**Dataset section**
◇ ◇ ◇ ◇ ◇ ◇ ◇

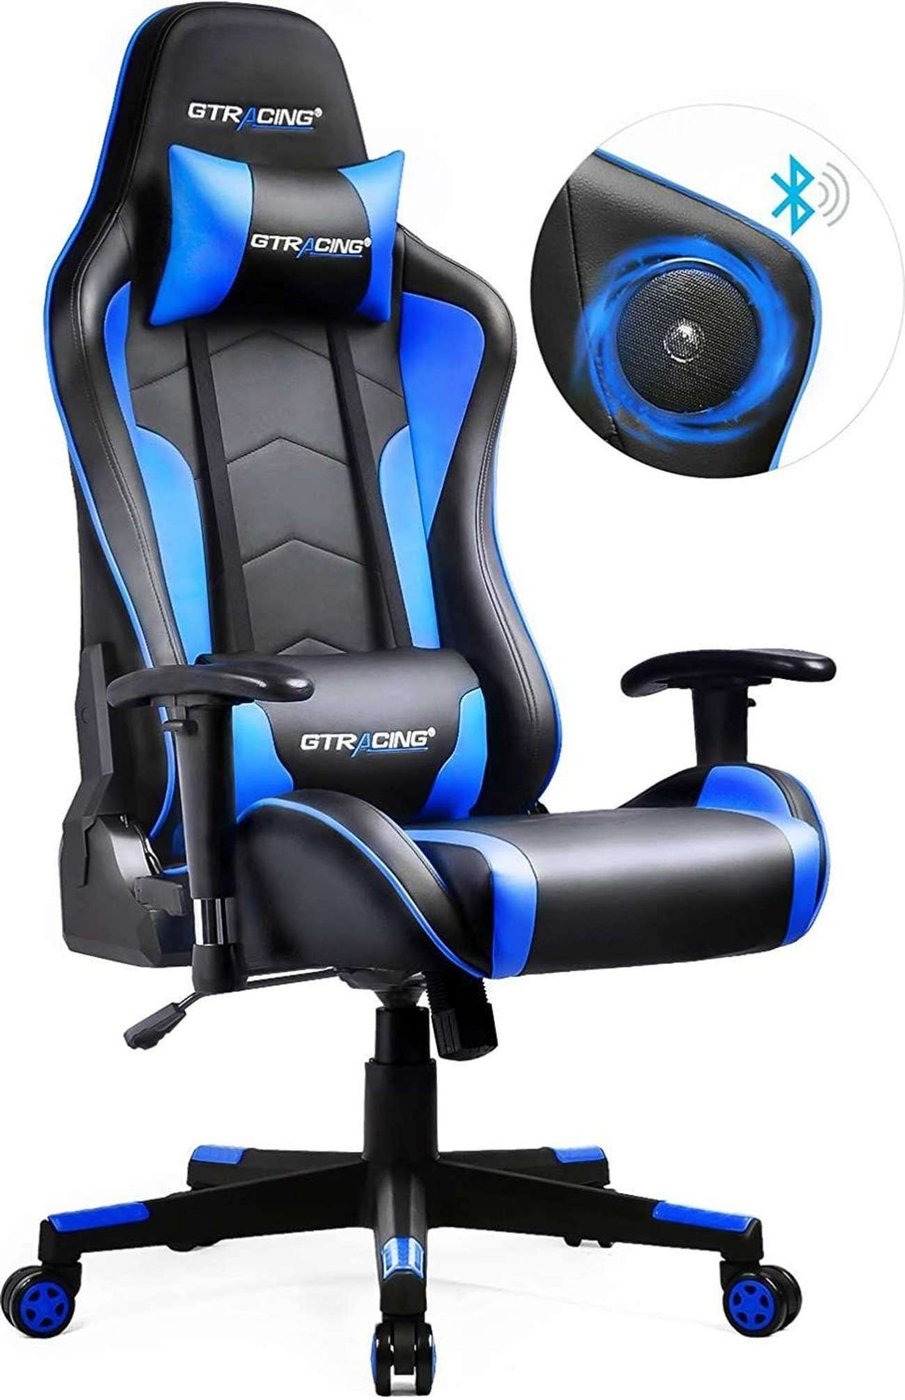 Gtracing Gaming Chair With Bluetooth Speakers ?s=art
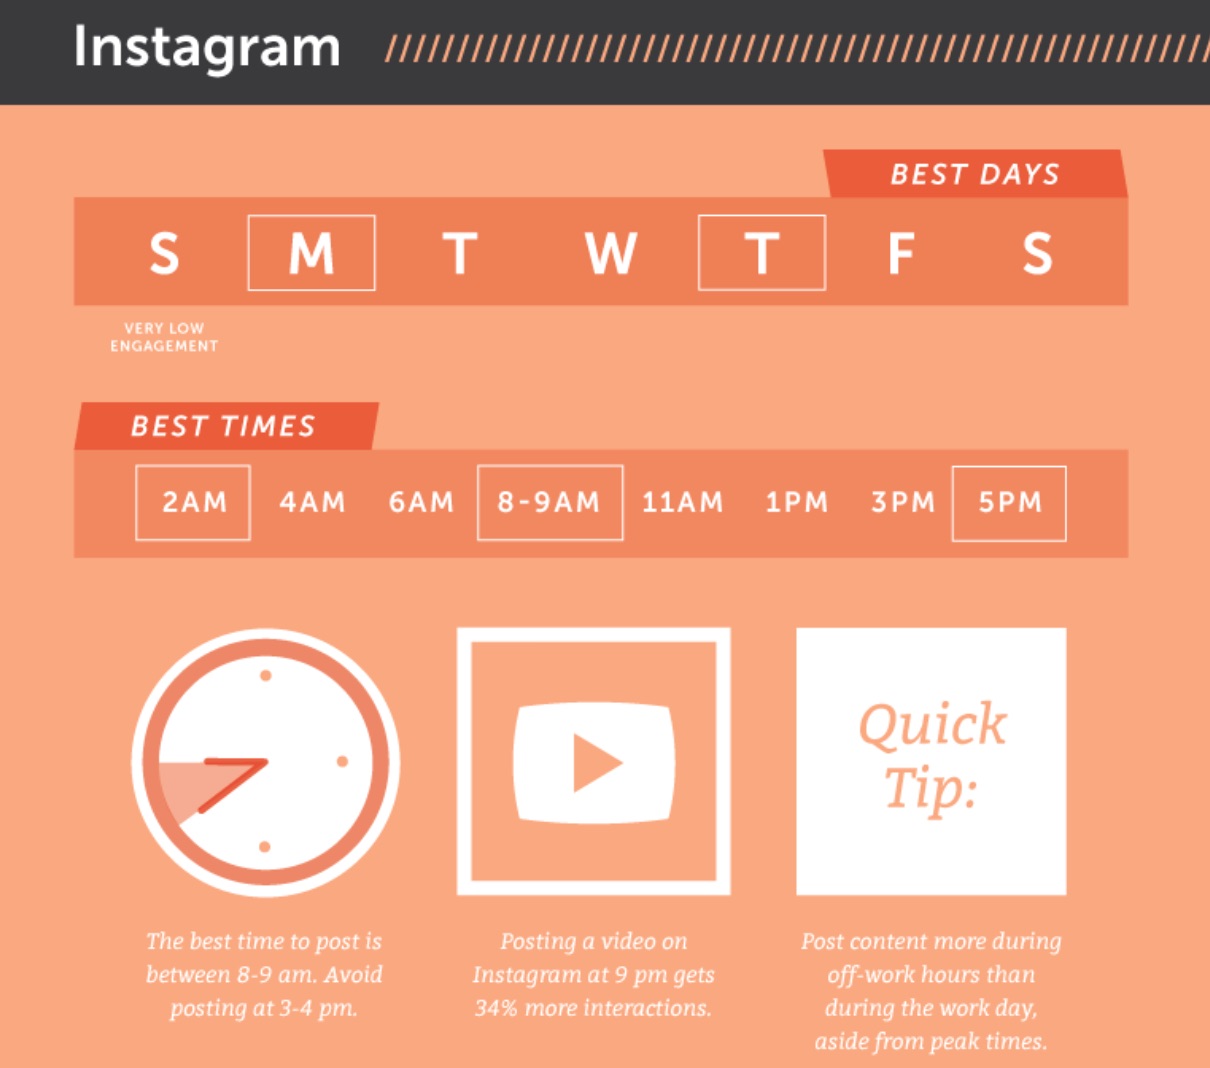 Best Times To Post On Social Media According To 20 Studies
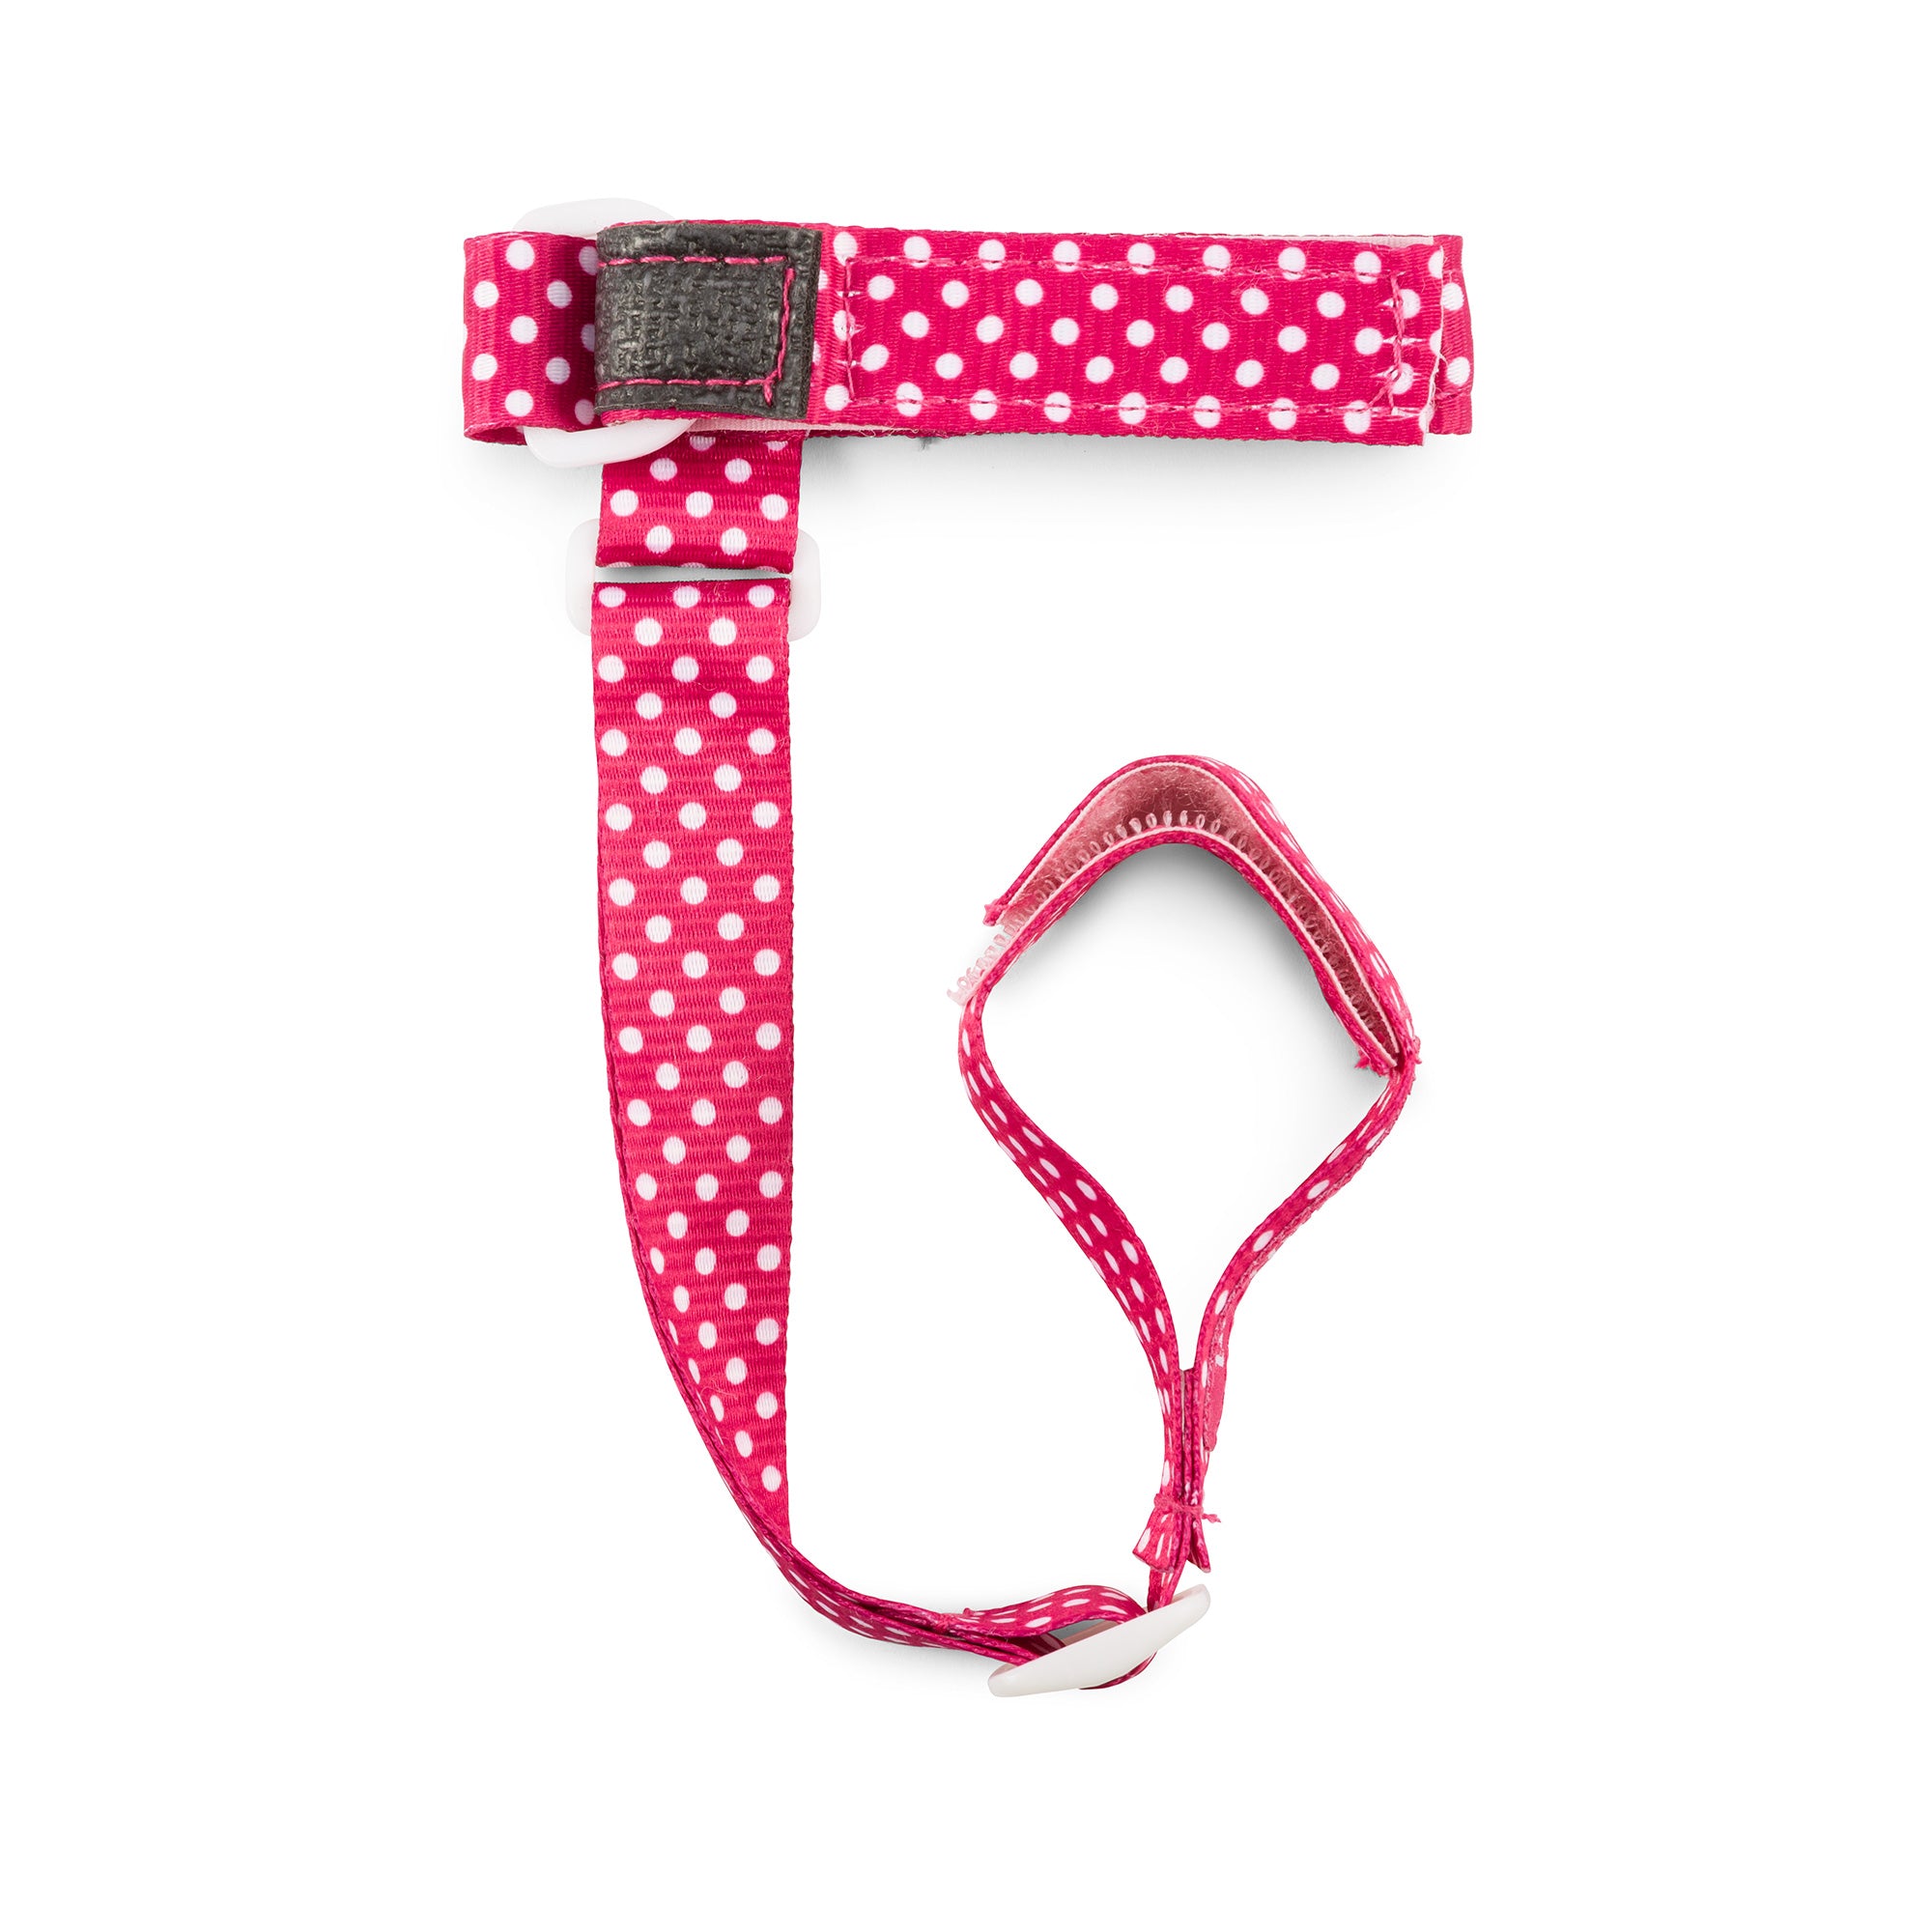 Booginhead SippiGrip for Cup, Bottle, & Toy Teether - Pink Polka Dot
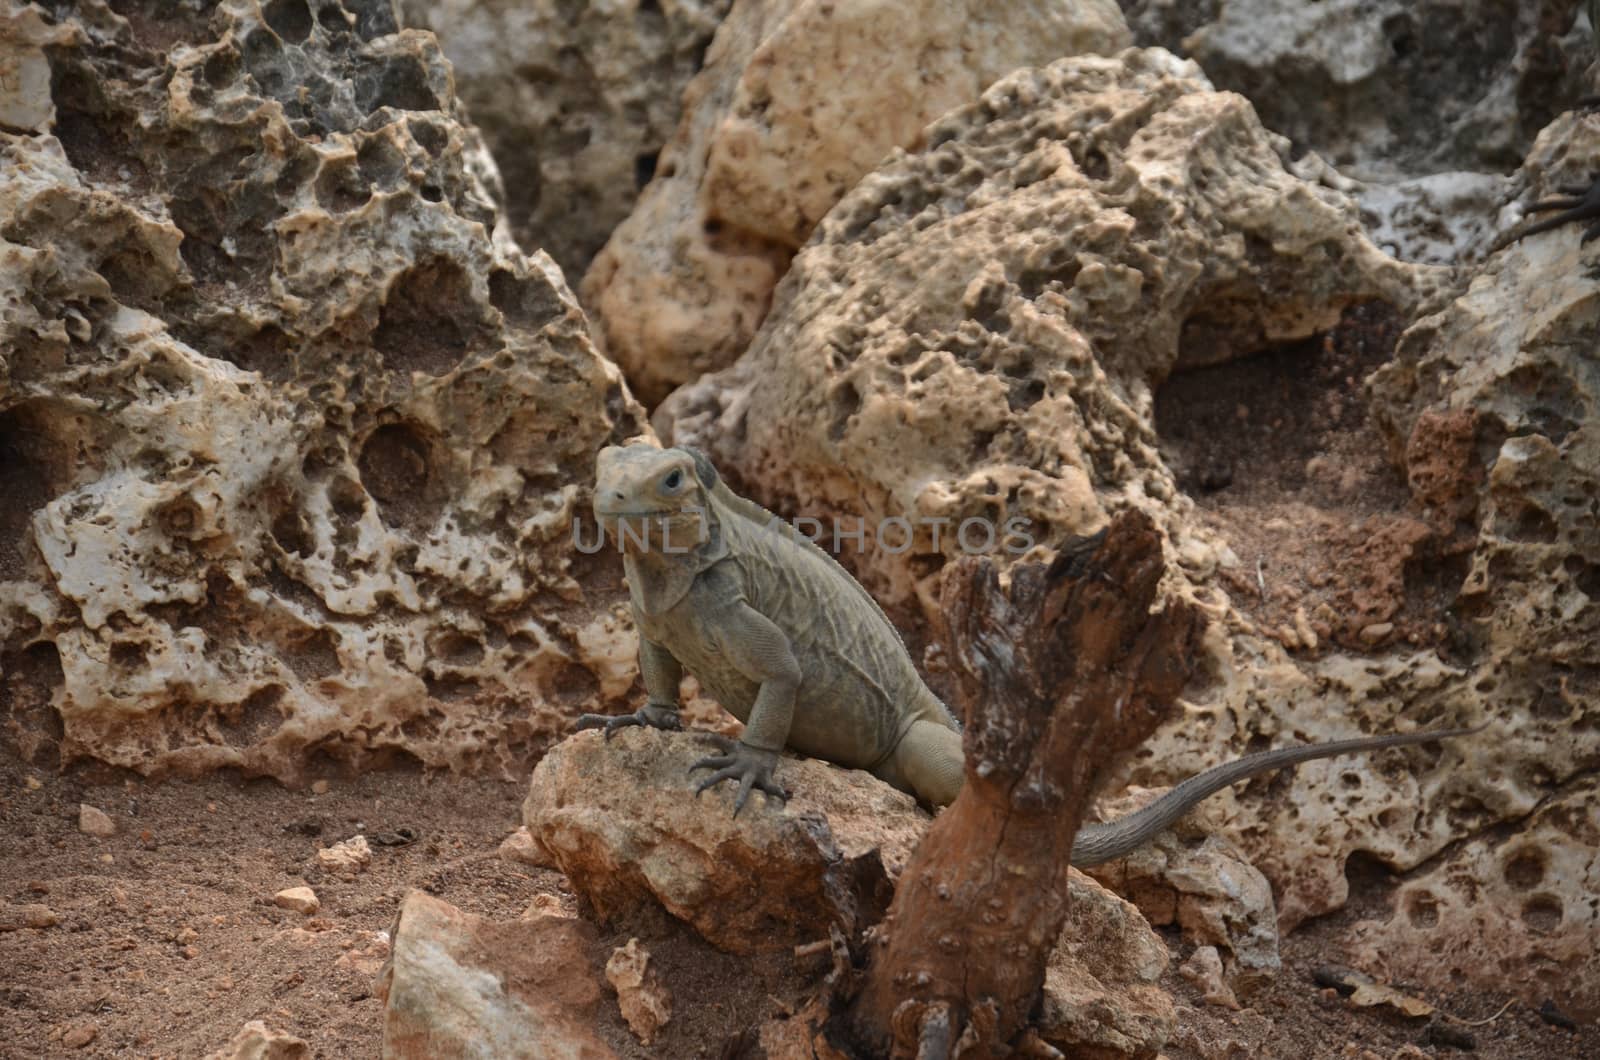 Brown iguanas sitting on the rocks. Fauna Of The Caribbean by claire_lucia

◇ ◇ ◇ ◇ ◇ ◇ ◇

Omit the pictures, then output the rest of the listing exactly.

 Gtracing Gaming Chair With Bluetooth Speakers ?s=art
 Best Times To Post On Social Media According To 20 Studies
 Booginhead SippiGrip for Cup, Bottle, & Toy Teether - Pink Polka Dot
 Brown iguanas sitting on the rocks. Fauna Of The Caribbean by claire_lucia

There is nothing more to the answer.